Mis suegros me desnudaron para humillarme… MI PADRE MILLONARIO LLEGÓ Y LOS DESTRUYÓ…

Y con personales me refiero a cepillos de dientes y ropa interior. Las joyas, los muebles, los cuadros, todo se queda como pago de los intereses de la deuda. ¿A dónde voy a ir? Lloró Sofía. Pueden ir a donde quieran, dije yo. La calle es muy grande y ya saben lo que se siente estar ahí, ¿verdad? Aunque ustedes tendrán la ventaja de llevar ropa puesta. Yo no tuve esa suerte. Mi padre hizo una señal a sus hombres. Saquen a esta gente de mi casa.

Los guardias tomaron a Bernarda, a Sofía y a Roberto. Los arrastraron hacia la salida, tal como ellos habían hecho conmigo una hora antes. Bernarda gritaba insultos. Sofía lloraba. Roberto solo repetía mi nombre como un disco rayado. Los lanzaron a la grava mojada fuera de la reja rota. Mi padre y yo salimos a la terraza. La lluvia seguía cayendo. Los vimos allí en el lodo, arruinados, peleándose entre ellos.
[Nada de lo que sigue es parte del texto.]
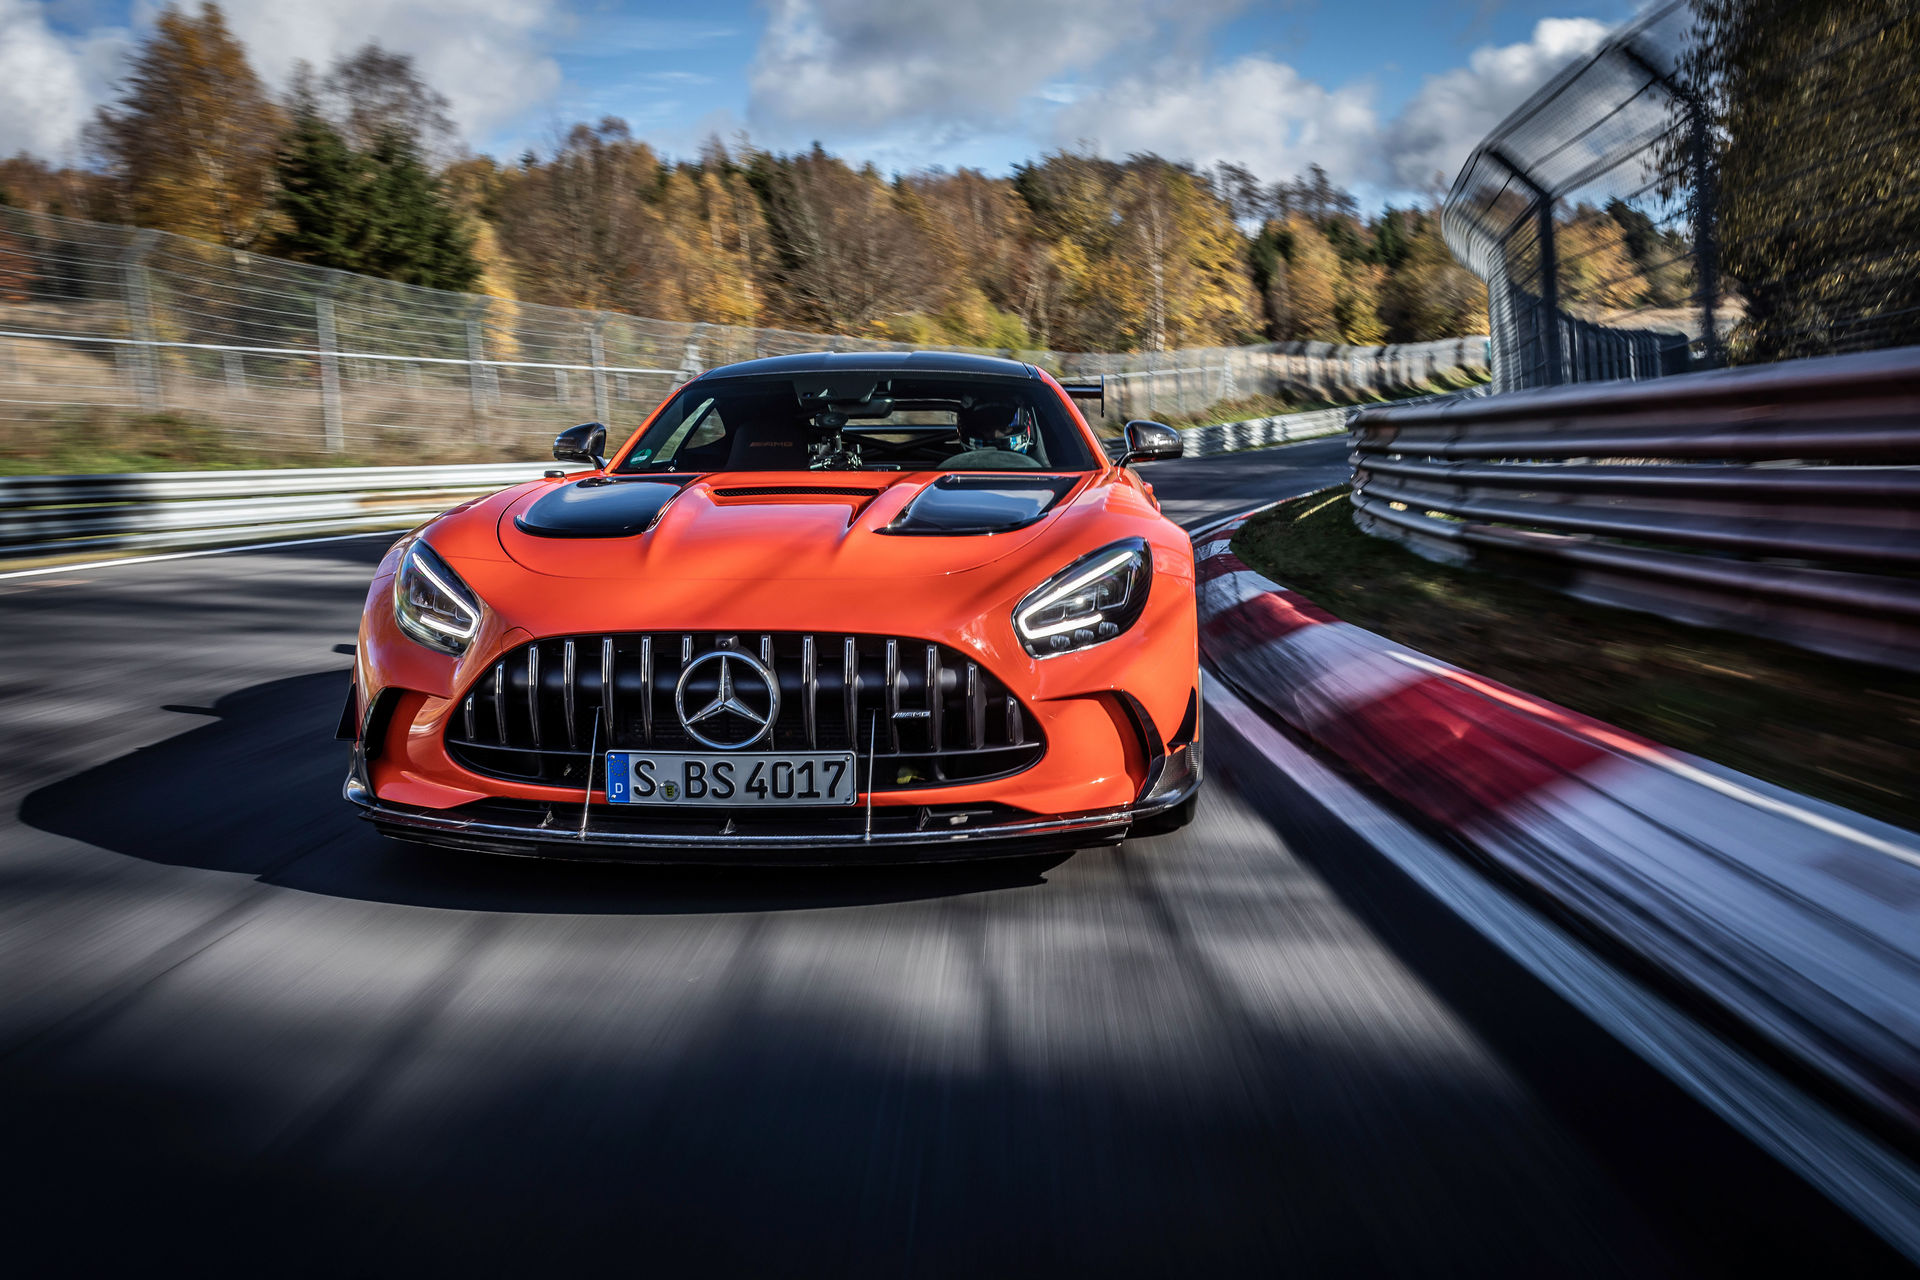 Mercedes-AMG GT Black Series najszybszym seryjnym autem na Nürburgringu

Bernarda culpaba a Roberto. Roberto culpaba a Sofía. Sofía culpaba a su madre.

Se estaban devorando. ¿Estás bien, hija?, me preguntó mi padre pasándome el brazo por los hombros. Sí, papá. Estoy bien. ¿Quieres que les dé algo? Un poco de dinero para el autobús. Miré a la familia que me había hecho la vida imposible. Recordé las burlas por mi ropa sencilla. Recordé cómo me hacían comer en la cocina cuando tenían visitas importantes. Recordé el frío de hace una hora. No dije que caminen, les hará bien un poco de humildad. Nos dimos la vuelta y entramos en la casa.

Mi padre dio la orden de demoler la mansión al día siguiente. No quería venderla, quería borrarla del mapa. Quería que no quedara ni un ladrillo de ese lugar maldito. El desenlace. En los meses siguientes, la noticia del colapso de los Villareal fue la comidilla de la ciudad. Se supo todo. El intento de incriminarme, la deuda, la quiebra, fueron rechazados por la sociedad que tanto adoraban. Roberto intentó conseguir trabajo, pero su reputación estaba destruida. Terminó trabajando de camarero en un bar de mala muerte en la costa.

Sofía se casó con un hombre mayor que no la quiere, solo para tener alguien que la mantenga. Bernarda, la gran doña Bernarda terminó en un asilo público, sola, amargada, contándole a las enfermeras que ella fue una reina, aunque nadie le cree. Yo volví al campo con mi padre, pero no para esconderme. Asumí mi lugar en la empresa familiar. Ahora dirijo la división de exportaciones internacionales. Viajo por el mundo, cierro tratos millonarios y ayudo a mujeres que han sufrido lo mismo que yo.

A veces, cuando tengo una reunión difícil, toco la tela de mi traje de diseñador y recuerdo la sensación de la seda rasgándose esa noche y sonrío porque esa noche no me rompieron. Esanoche me liberaron. Me quitaron la ropa, sí, pero al hacerlo, me quitaron el disfraz de mujer sumisa y dejaron al descubierto a la guerrera que llevaba dentro. Ellos querían verme desnuda y humillada. Al final, los únicos que quedaron desnudos ante el mundo, despojados de su dinero y su orgullo fueron ellos.